Simon Rattle conducts the 2007 New Year’s Eve Concert

31 Dec 2007
New Year’s Eve Concert

Berliner Philharmoniker
Sir Simon Rattle

  • Alexander Borodin
    Prince Igor: Polovtsian Dances (13 min.)

  • Alexander Borodin
    Symphony No. 2 in B minor (29 min.)

  • Modest Mussorgsky
    Khovanshchina, opera: Prelude (6 min.)

  • Modest Mussorgsky
    Pictures at an Exhibition (orchestrated by Maurice Ravel) (36 min.)

  • Dmitri Shostakovich
    The Golden Age, ballet suite, op. 22a: Dance (4 min.)

No, not Viennese waltzes but Russian orchestral music of the very choicest kind: to usher in the New Year, Sir Simon Rattle and his Berliner Philharmoniker chose some of the best-known orchestral works by Alexander Borodin and Modest Mussorgsky for their New Year’s Eve Concert in 2007. The result was a pyrotechnical display that allowed the musicians to dazzle their audience with the most disparate combinations of iridescent orchestral sonorities.

Together with their colleagues Cui, Balakirev and Rimsky-Korsakov, Borodin and Mussorgsky formed the “Mighty Handful” of composers in the Russia of the 1860s.
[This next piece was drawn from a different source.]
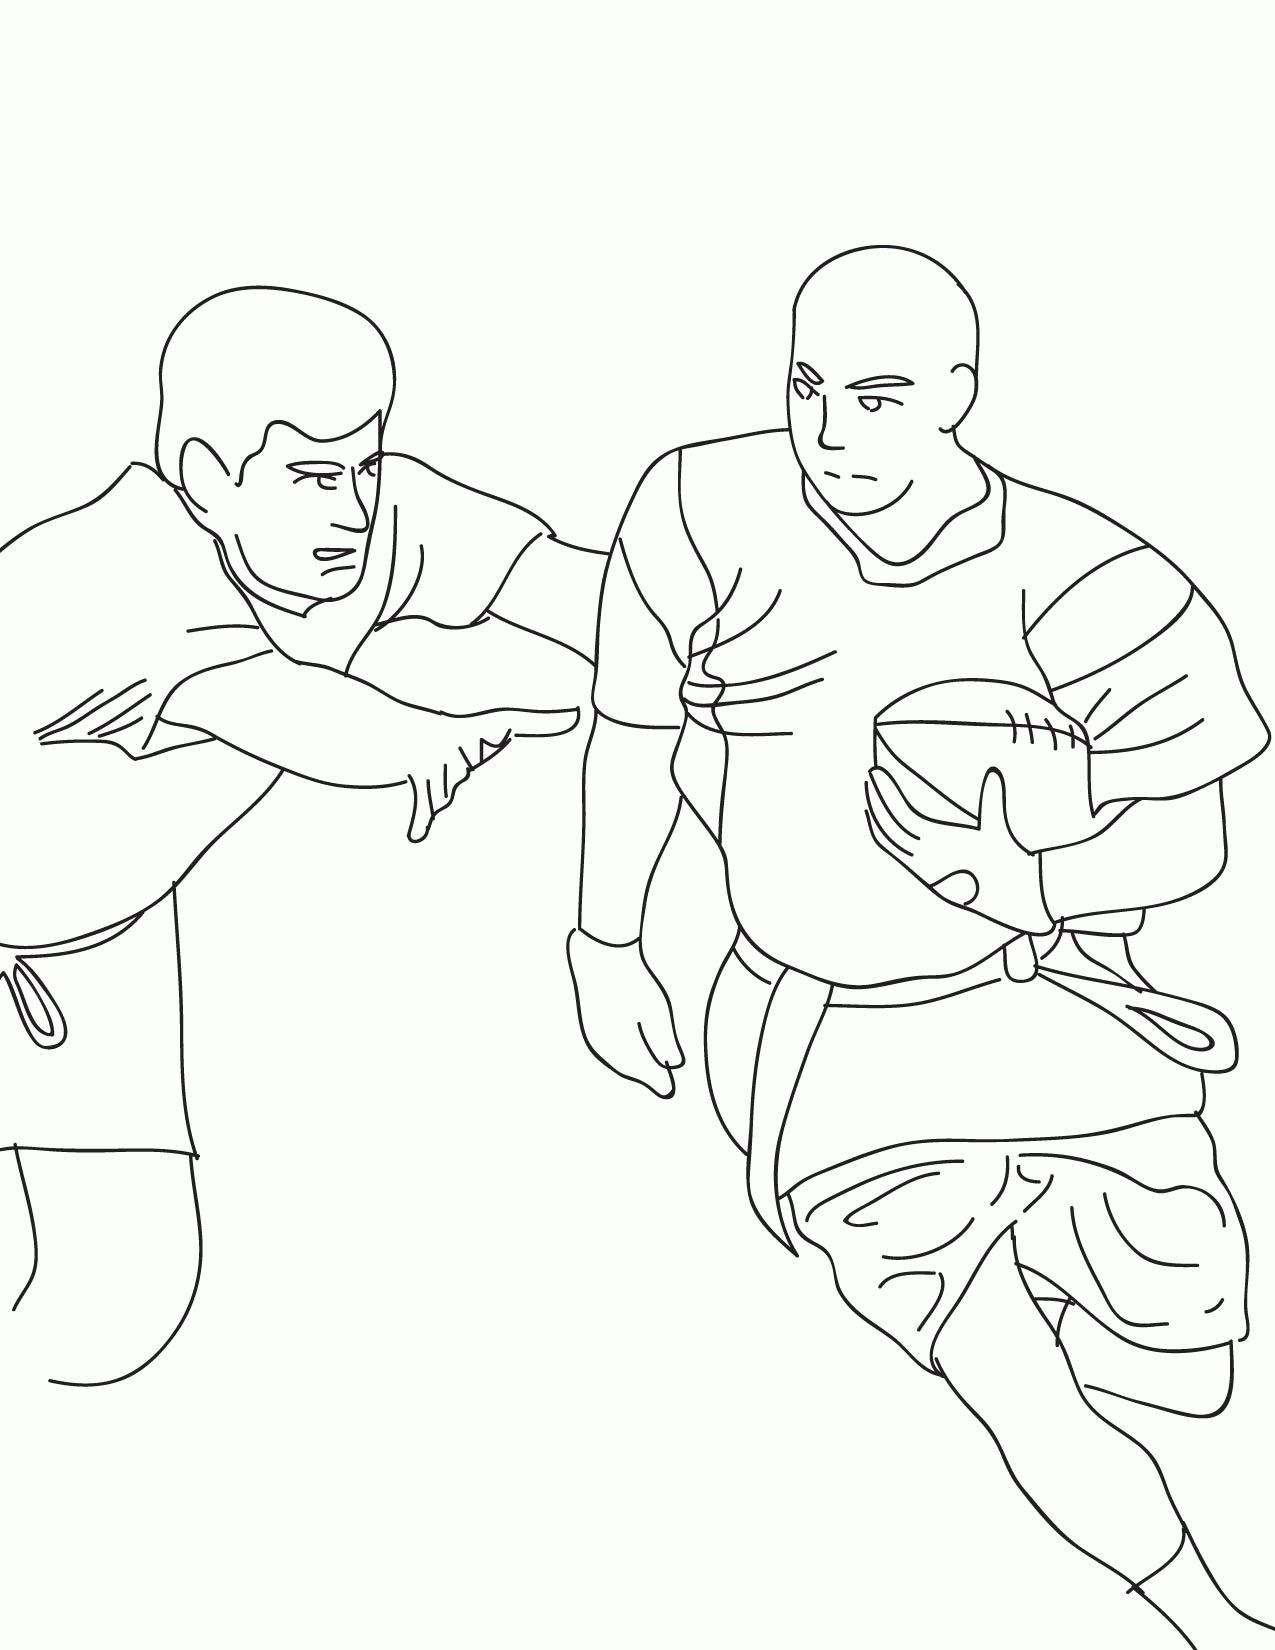 Flag Football Coloring Page - Handipoints

Their aim was to revive Russian music in the spirit of the country’s folk music. The Polovtsian Dances from Borodin’s unfinished opera Prince Igor are correspondingly lively and exotic, whereas the same composer’s Second Symphony may be regarded as a kind of Russian “Eroica”, a masterpiece of enormous thematic weight and, at the same time, a lyrical magic that recalls the world of the fairy tale. It is a work that is heard far too rarely.

Following the interval the orchestra played the prelude to Mussorgsky’s Khovanshchina, with its prominent part for what Der Tagesspiegel termed Wenzel Fuchs’s “divine clarinet”. Other section leaders had a chance to shine in Ravel’s orchestration of Mussorgsky’s multifaceted Pictures at an Exhibition. And yet, as the critic of the Berliner Morgenpost noted, “none of the exquisite soloists stood out at the expense of the whole or substituted vanity for ability. The predominant mood was one of disciplined exuberance and total dedication to the music at the moment of its making”. At the end the enthusiastic audience demanded an encore, which it received in the form of what Sir Simon has called the “mad music” of Shostakovich’s Polka from his ballet suite The Golden Age.